The Republican lawmakers, including U.S. Reps. Ann Wagner (R-MO) and French Hill (R-AR) and U.S. Sens. Bill Hagerty (R-TN) and Mike Rounds (R-SD), said the SEC’s proposal will harm broker-dealers, investment advisors, and investors.

“While it is promoted as an investor protection measure, the Proposal’s true intention seems to be rewriting existing and well-functioning SEC regulations, such as Regulation Best Interest and the fiduciary standard. This is likely to result in a burdensome, one-size-fits-all approach being imposed on all broker-dealers and investment advisers, irrespective of the technology they utilize,” the lawmakers wrote in a Sept. 22 letter to SEC Chair Gary Gensler.

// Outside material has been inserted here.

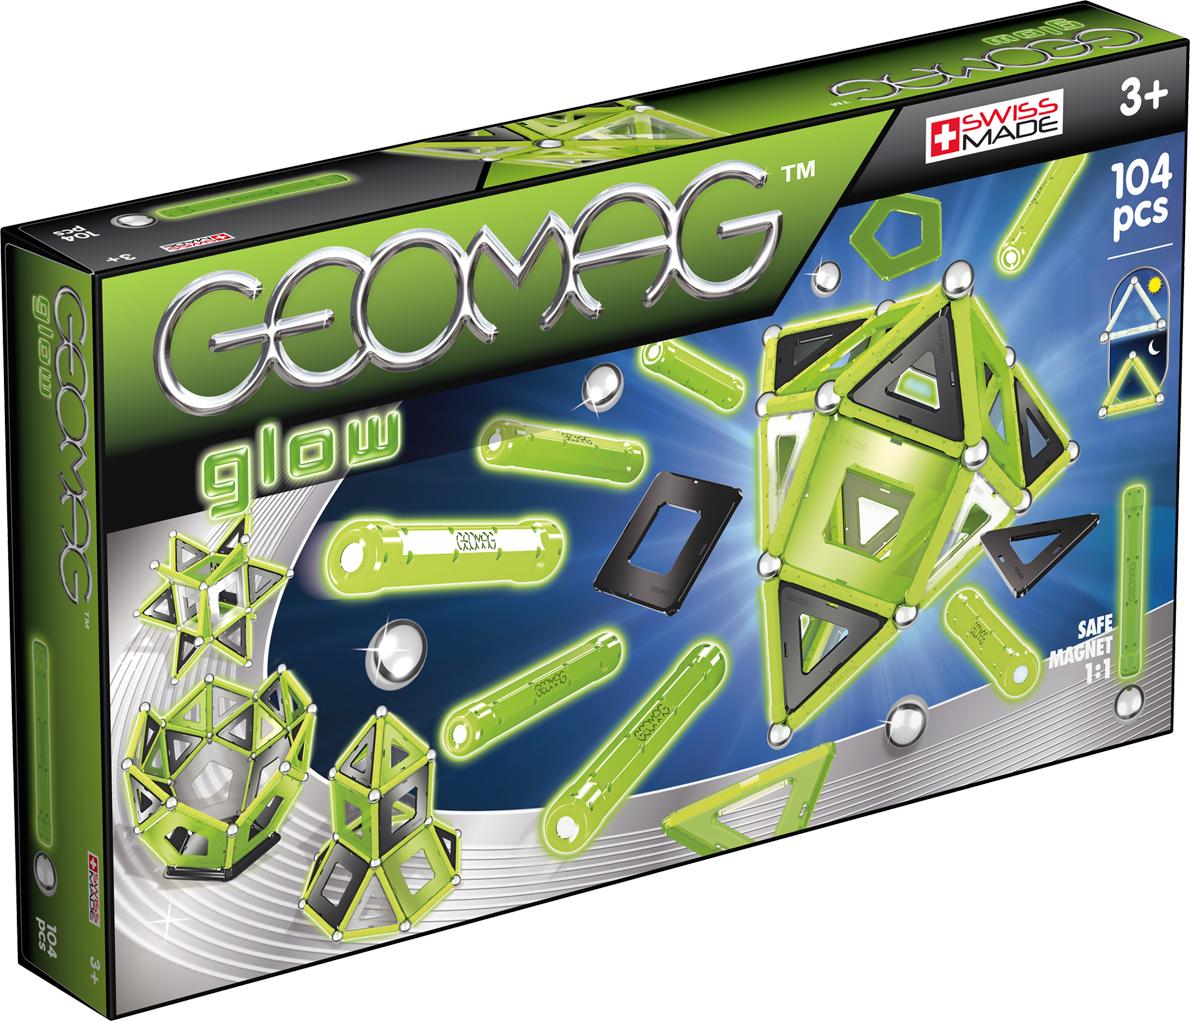 Geomag Конструктор магнитный Glow 104 элемента geomag конструктор магнитный mechanics 164 элемента

“This new, untested standard would apply indiscriminately, whether or not firms provide personalized investment recommendations or advice to their customers… If the SEC’s goal is to replace Reg BI and the existing fiduciary standard with the Proposal’s heightened ‘best interest’ standard, it should be transparent and direct about its actions. It should not rely on the recent attention around predictive data analytics or artificial intelligence as a pretext. Furthermore, if the SEC intends to assume the role of a technology regulator, it should seek explicit authority from Congress,” the letter said.

One of the big issues for the Republicans is that the proposed rule casts a broad net over what constitutes “covered technology,” encompassing any “analytical, technological, or computational function, algorithm, model, correlation matrix, or similar method or process that optimizes for, predicts, guides, forecasts, or directs investment-related behaviors or outcomes.”

They said this definition includes AI, machine learning, and neural networks as well as basic tools that broker-dealers and investment advisors commonly employ in their operations. The compliance burden associated with these rules would be substantial, particularly for smaller firms, they said.